■ **Activity**: Print a faithful copy of the data below, word for word, with the pictures left out.

■ **Recorded data**:
•••••

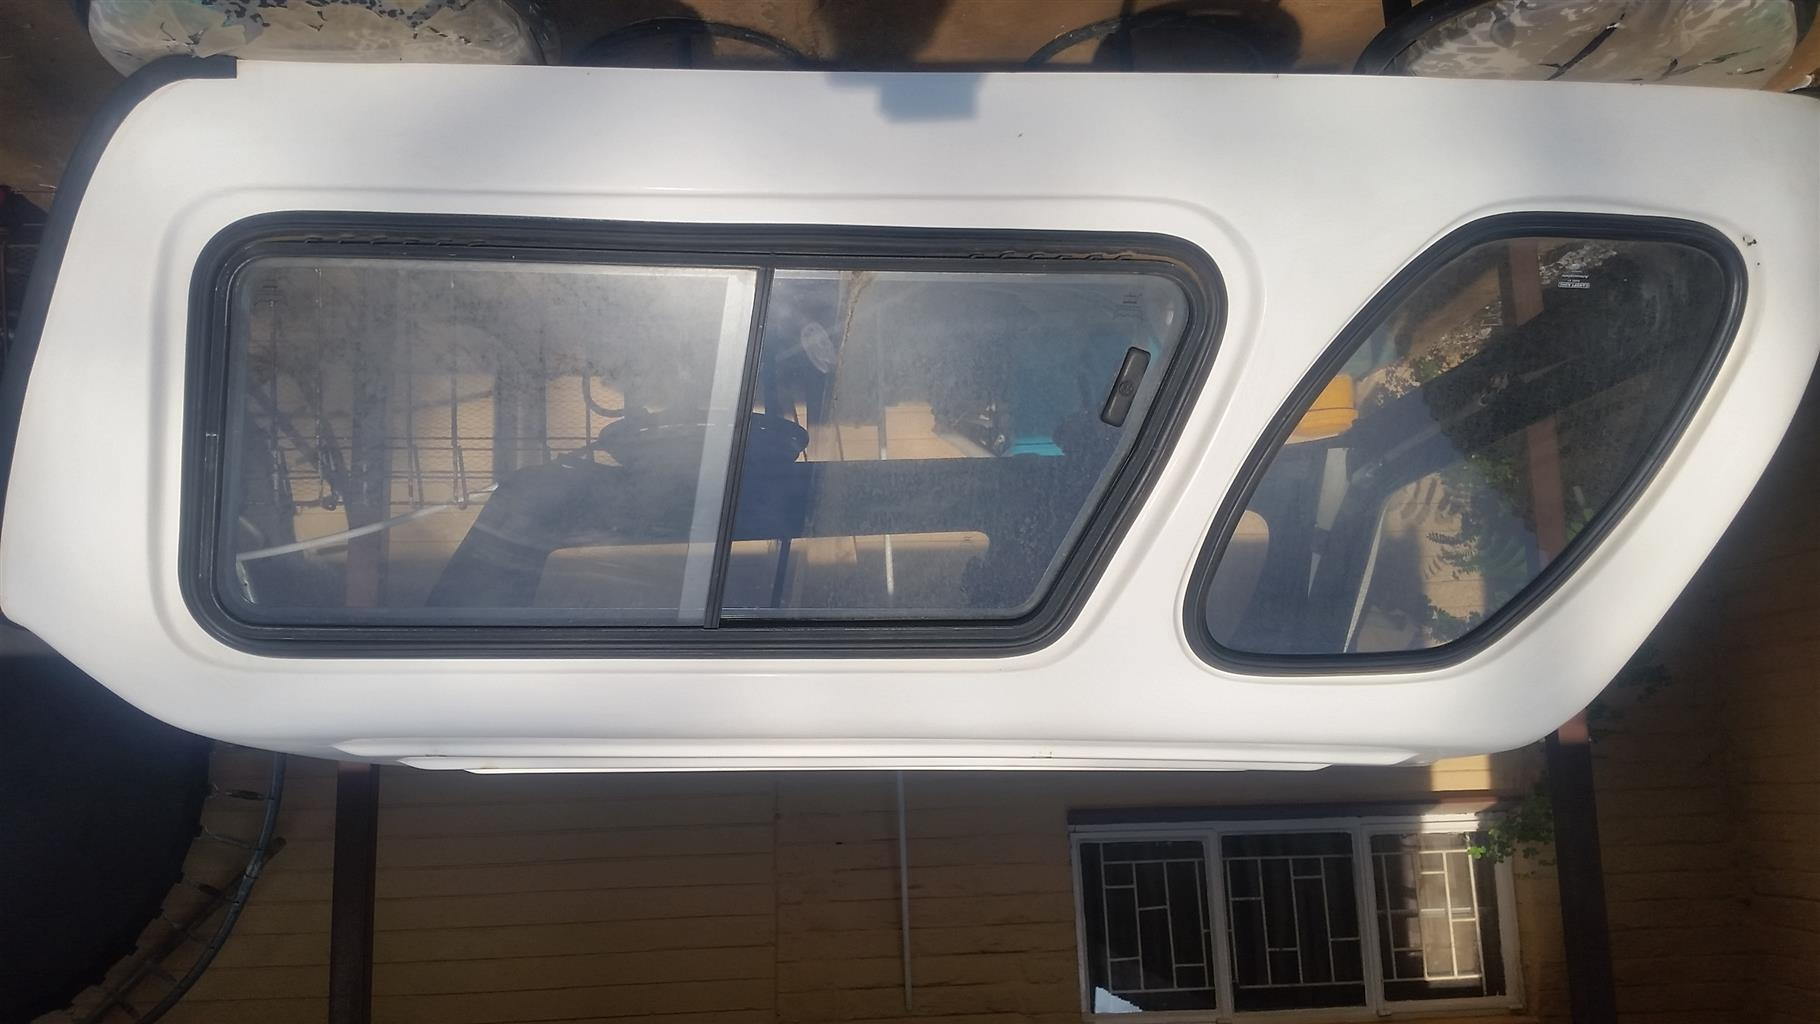 MP 200 Nissan conopy
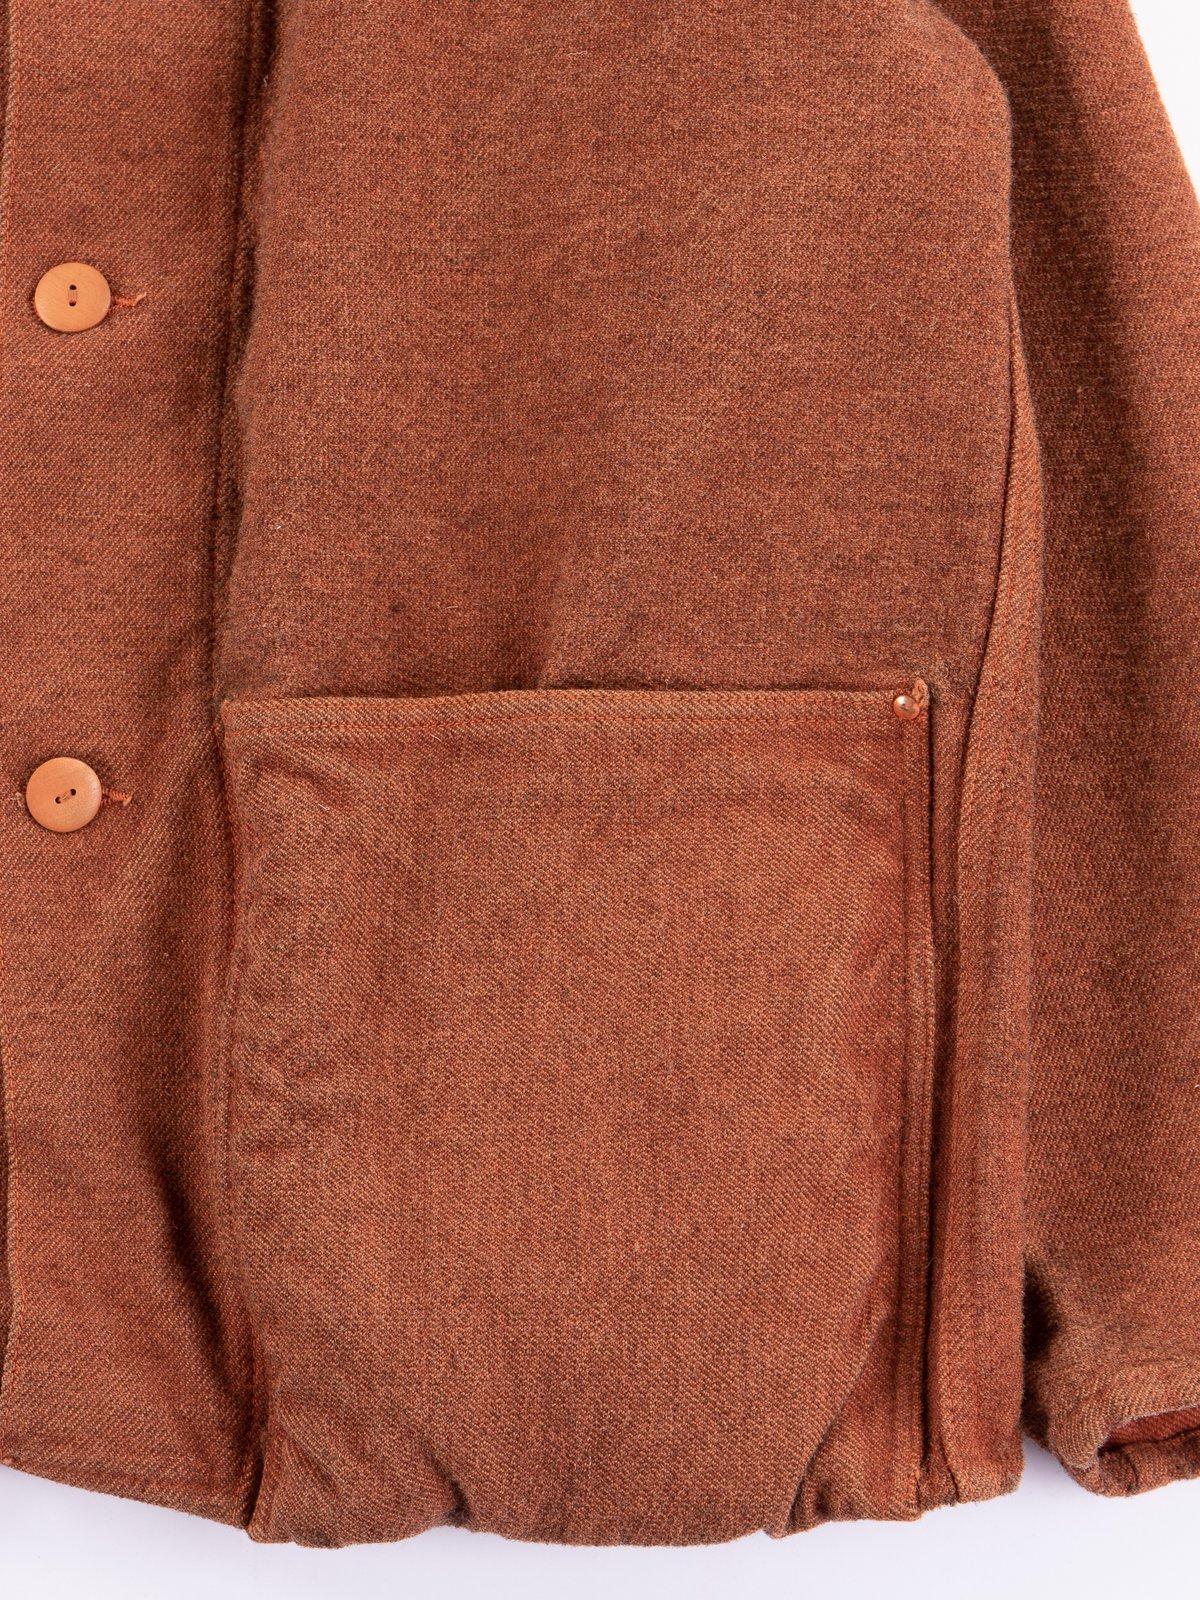 Red Ochre Dye Collared Shepherd's Coat - Image 4
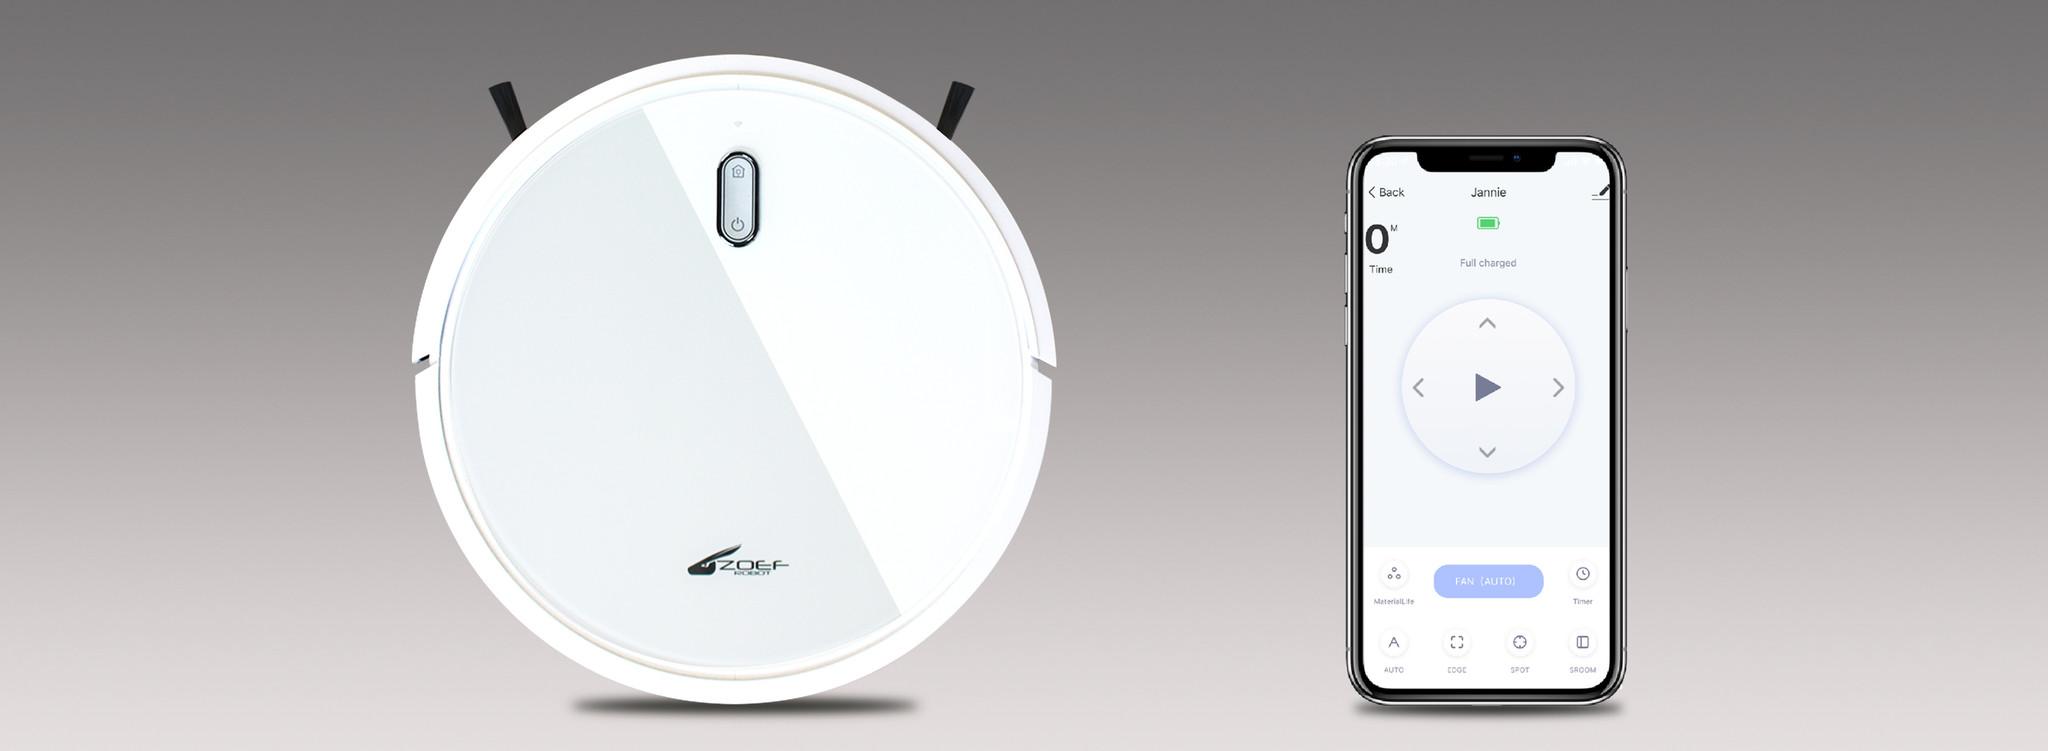 app-robotstofzuiger-jannie
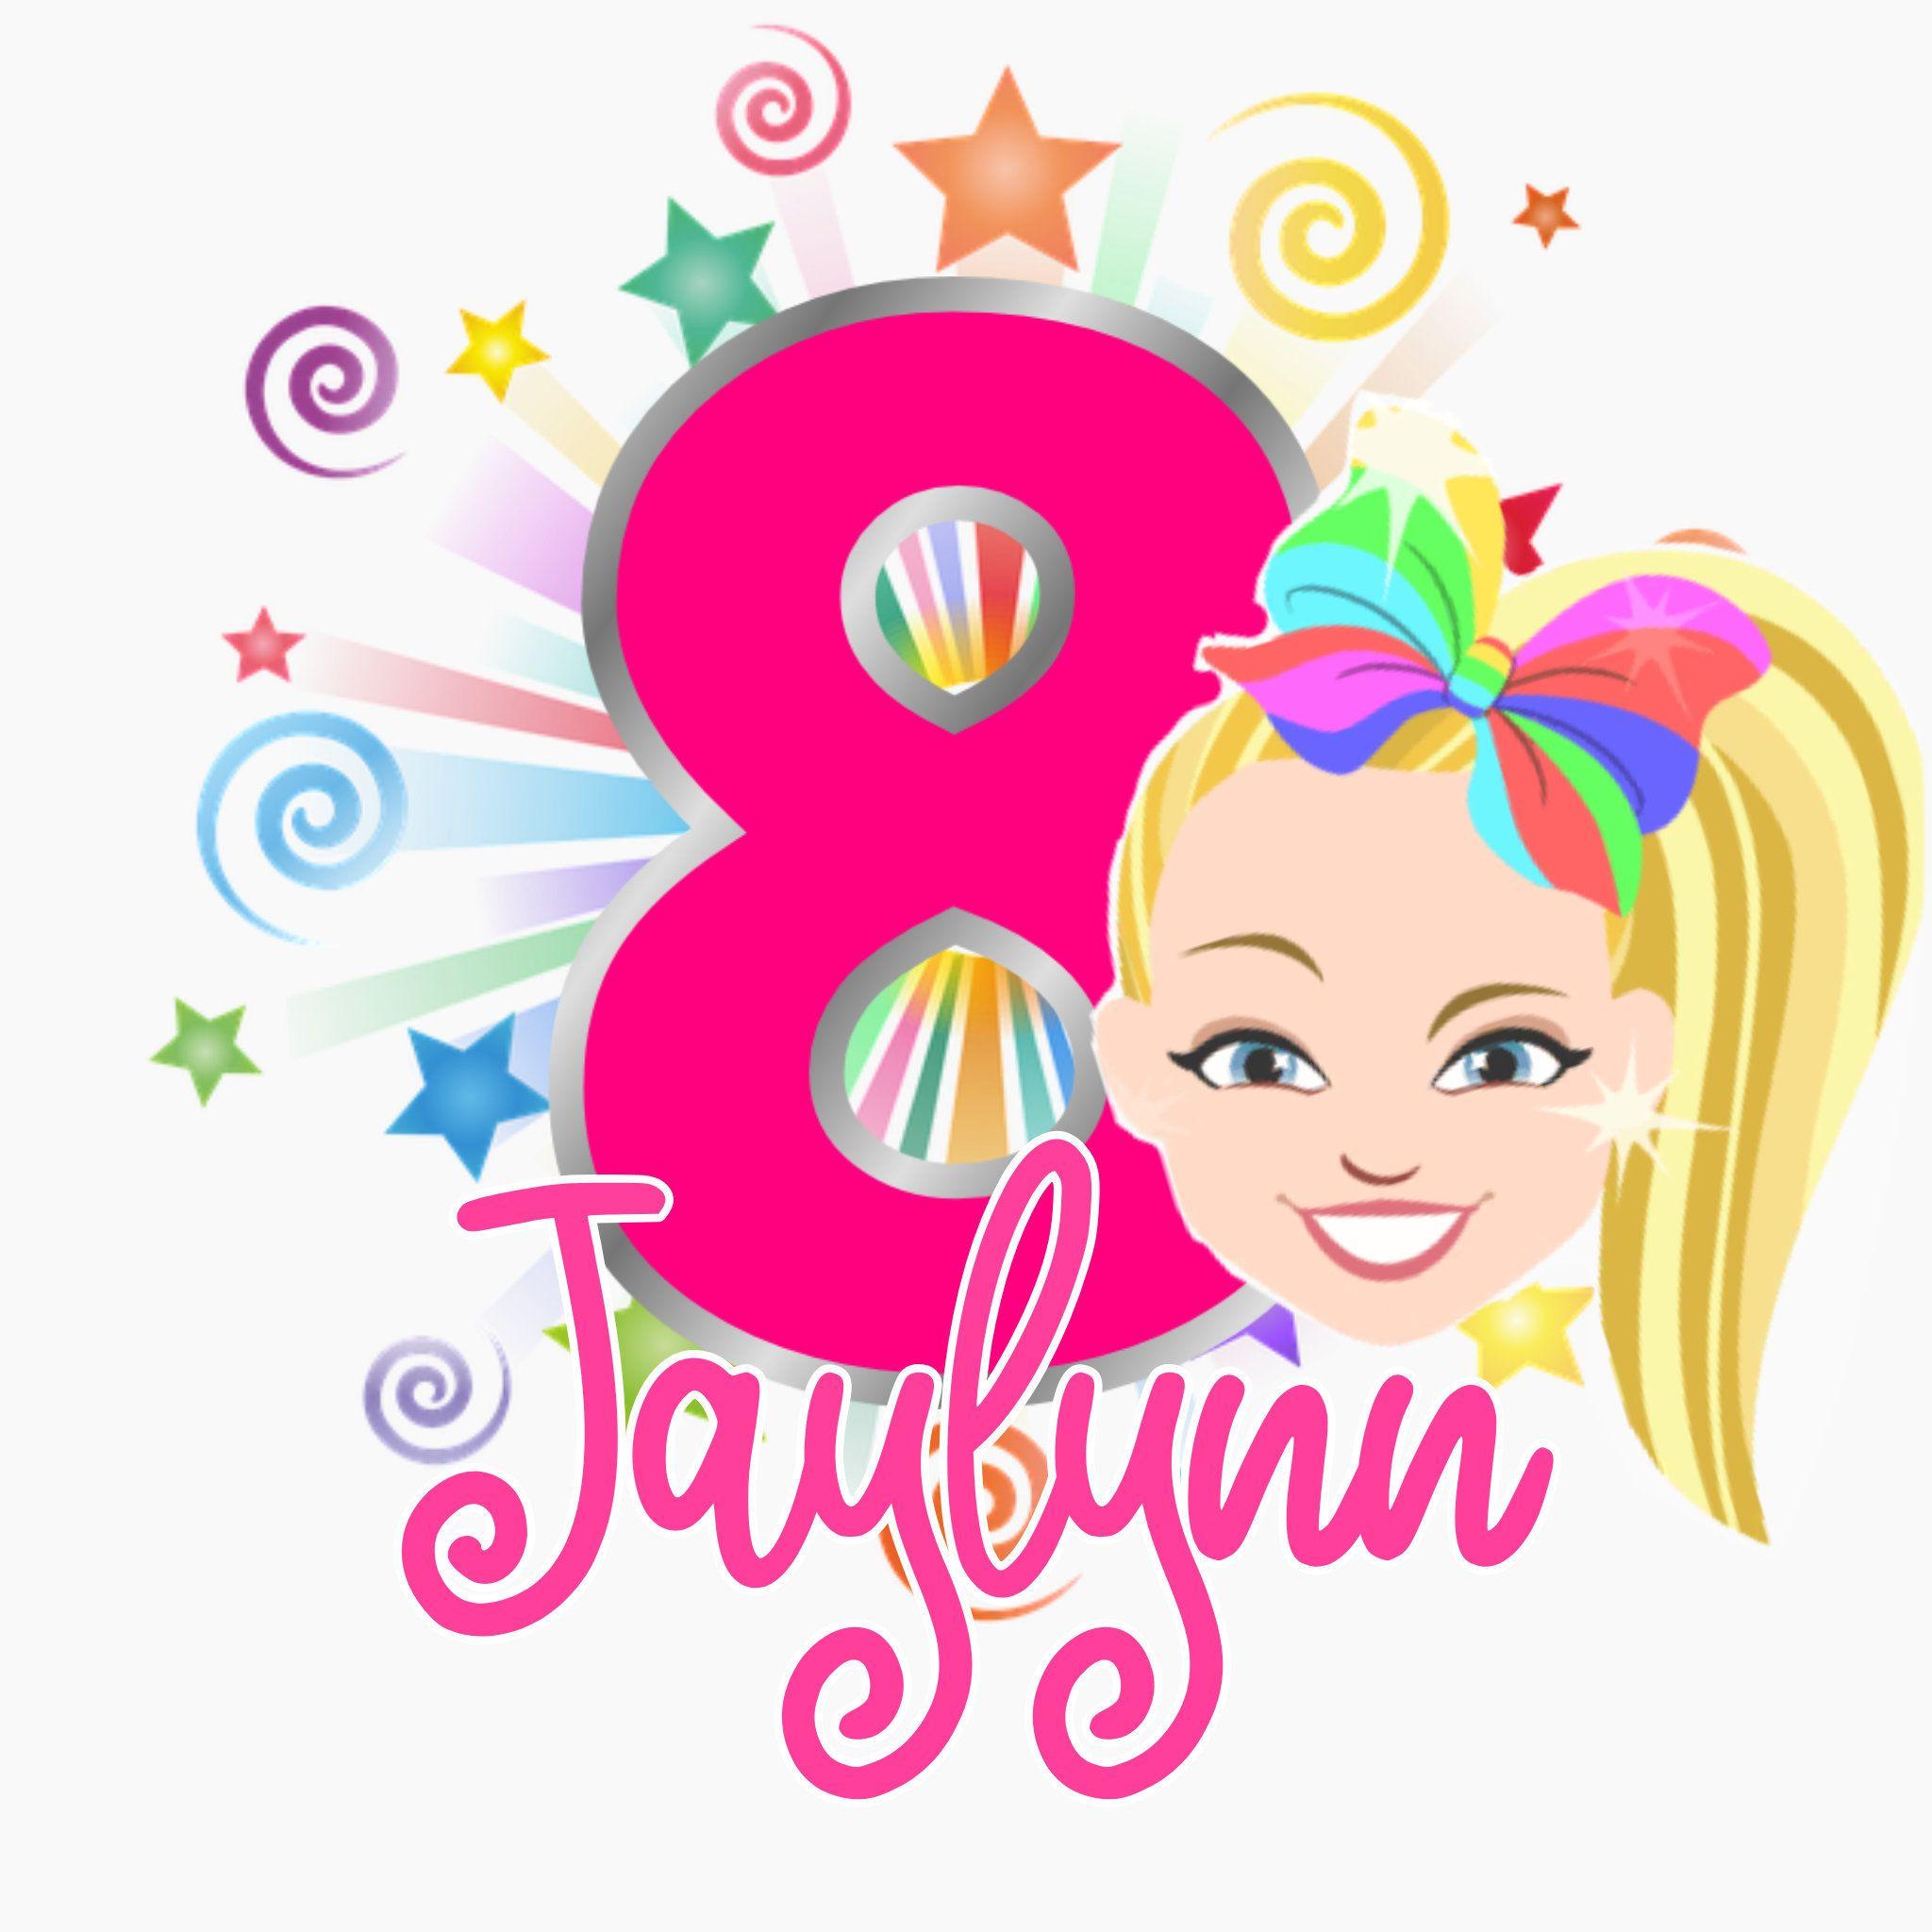 48+ Jojo siwa rainbow clipart ideas in 2021

•••••

■ **Output of the task**:
 MP 200 Nissan conopy
 Red Ochre Dye Collared Shepherd's Coat - Image 4
 app-robotstofzuiger-jannie
 48+ Jojo siwa rainbow clipart ideas in 2021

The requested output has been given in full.